“Yo creo que el crecimiento ha sido más una consecuencia que una intención”, reflexiona Pablo Buitrago, uno de los fundadores del Kiosko, al hablar sobre la trayectoria de este emblemático negocio bogotano. Lo dice con la convicción de quien ha vivido desde adentro los desafíos de emprender, crecer y mantenerse vigente durante décadas.
“Cuando logramos engranar, avanzamos un montón”, afirma. Y agrega: “Después de todo esto, toca volver a crecer, porque uno atraviesa el petroverso contra viento y marea, y si como empresario uno no está optimista, se hunde el país”.
La historia del Kiosko empezó en 1989, cuando Magdalena Martínez llegó a Cedritos, una zona que por entonces parecía inhóspita. “No había mucha construcción, era frío y árido”, recuerda. Pero en medio de ese paisaje, tuvo una idea: instalar un pequeño cubo de cristal en su antejardín para montar un negocio. El arquitecto le propuso otra cosa: un pequeño gazebo que finalmente se convirtió en el “kiosko” y que, sin quererlo, le dio nombre al lugar.

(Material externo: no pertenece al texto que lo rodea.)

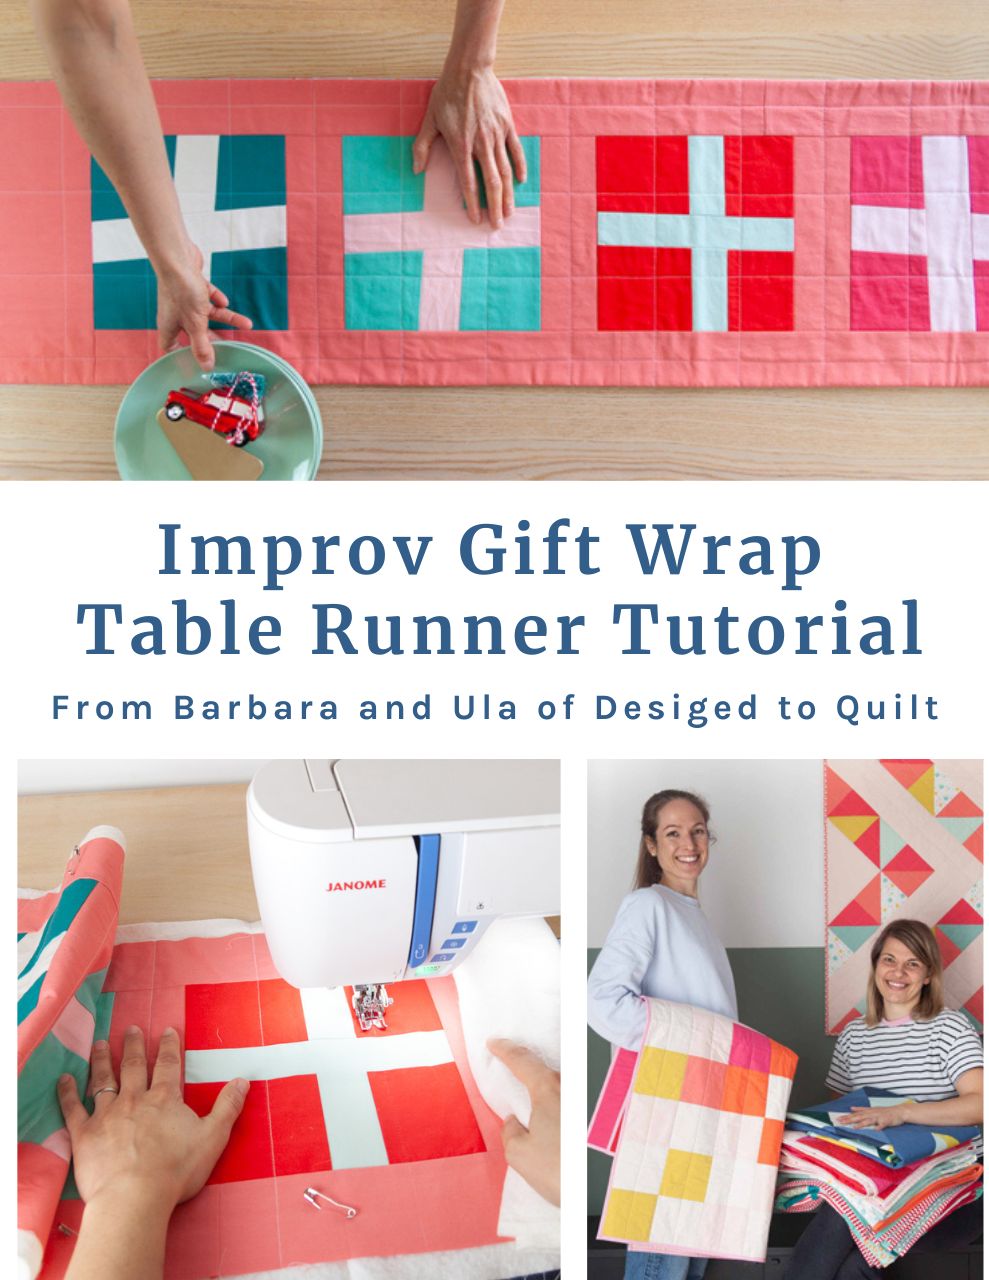 Free Quilt pattern for Improv-piecing gift wrap quilt block table runner from Ula and Barbara at Designed to Quilt.

El concepto era simple, pero poderoso: ofrecer productos típicos como empanadas, pan de yuca, almojábanas y mantecadas, en un espacio cálido y cercano, que evocara la vida de pueblo. Magdalena quería que la gente se sintiera como en casa. “Ese fue uno de los fundamentos: la informalidad, la cercanía, la calidez”. Pero más allá del menú inicial, fueron los mismos clientes quienes ayudaron a definir la oferta. “Llegaban y preguntaban ‘¿tiene fresas con crema?’, y uno respondía ‘más tardecito las preparamos’. Así fue tomando forma el negocio, dejando que fluyera la imaginación de la gente”.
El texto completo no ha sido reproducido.